For the Tests I use Junit 4.11, with Eclipse Kepler as IDE.
From what I can see, there seems to be something "wrong" with double brace initialization, but I am not knowledgeable enough to put my finger on why it doesn't work as I think it should.
To get to the point, I am using following Class to make conversions in a centralized place:
package com.example-company.util.converters;
import java.util.HashMap;
import java.util.Map;
import com.example-company.model.Location;
import com.example-company.model.Right;
public final class ModelConverters {
private static final Map<Class<?>, ModelConverter<?, String>> modelConverterBacking = new HashMap<Class<?>, ModelConverter<?, String>>();
static {
modelConverterBacking.put(Right.class, new RightConverter());
modelConverterBacking.put(Location.class, new LocationConverter());
};
public static <T> String convert(final T input)

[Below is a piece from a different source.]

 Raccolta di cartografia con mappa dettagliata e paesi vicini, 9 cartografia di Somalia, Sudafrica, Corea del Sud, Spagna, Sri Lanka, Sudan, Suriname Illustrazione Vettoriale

throws IllegalStateException {
@SuppressWarnings("unchecked")
ModelConverter<T, String> modelConverter = (ModelConverter<T, String>) modelConverterBacking
.get(input.getClass());
if (modelConverter == null) {
throw new IllegalStateException("No mapping found for "
+ input.getClass());
}
return modelConverter.convertToView(input);
}
}
As far as this goes it's mostly playing with generics and a static map. Now I decided I should write a few unit-tests for that. The following class is a little shortened, all test-cases that don't reproduce the problem were removed.

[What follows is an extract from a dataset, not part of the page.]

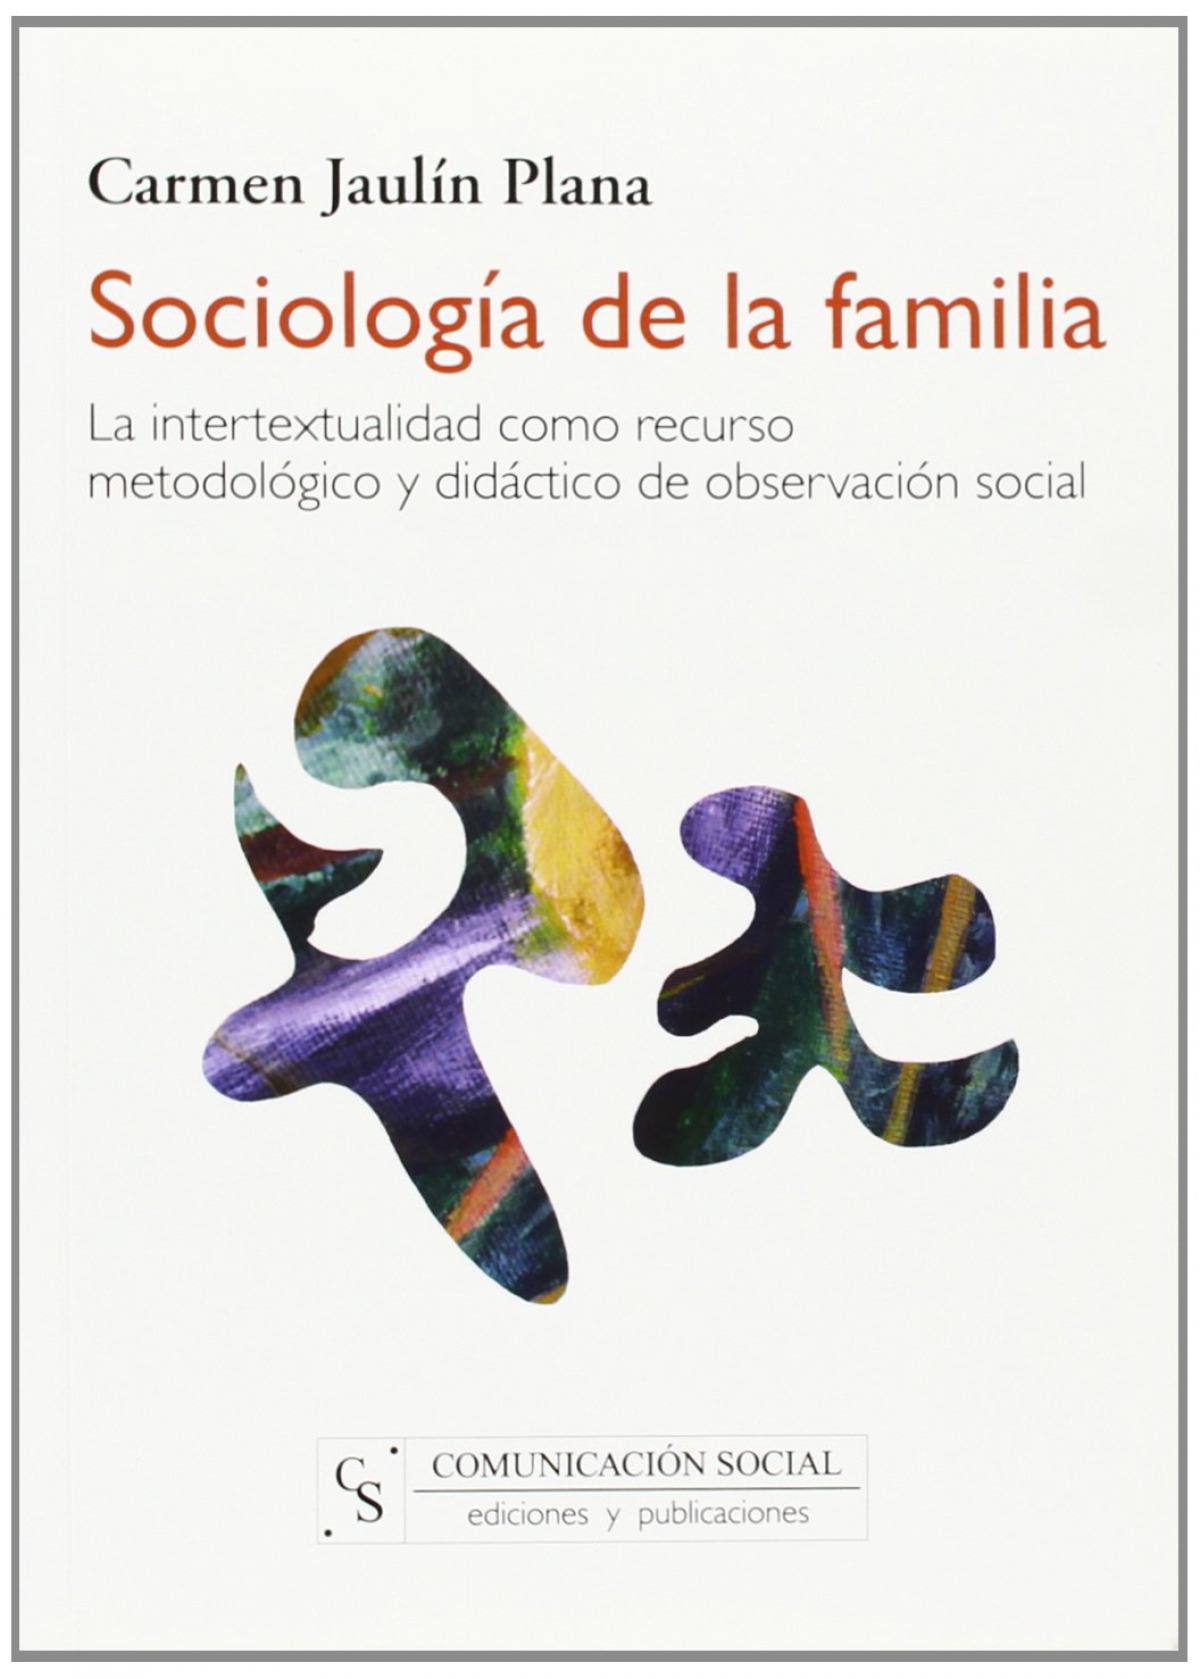 Sociología de la familia La intertextualidad como recurso metodológico - Jaulín Plana, Carmen

package com.example-company.test.unit.util.converters;
import static org.junit.Assert.assertEquals;
import com.example-company.model.Location;
import com.example-company.util.converters.ModelConverters;
import org.junit.Test;
public class ModelConvertersFacadeTests {
@Test
public void test_MappingForLocationExists() {
final Location stub = new Location() {
{
setLocationName("");
}
};
String actual = ModelConverters.convert(stub);
assertEquals("", actual);
}
}
So far so good, nothing should really happen, at least not what I got now. And that is: A fancy IllegalStateException
with the following stacktrace:
java.lang.IllegalStateException: No mapping found for class com.example-company.test.unit.util.converters.ModelConvertersFacadeTests$1
at com.example-company.util.converters.ModelConverters.convert(ModelConverters.java:23)
at com.example-company.test.unit.util.converters.ModelConvertersFacadeTests.test_MappingForLocationExists(ModelConvertersFacadeTests.java:24)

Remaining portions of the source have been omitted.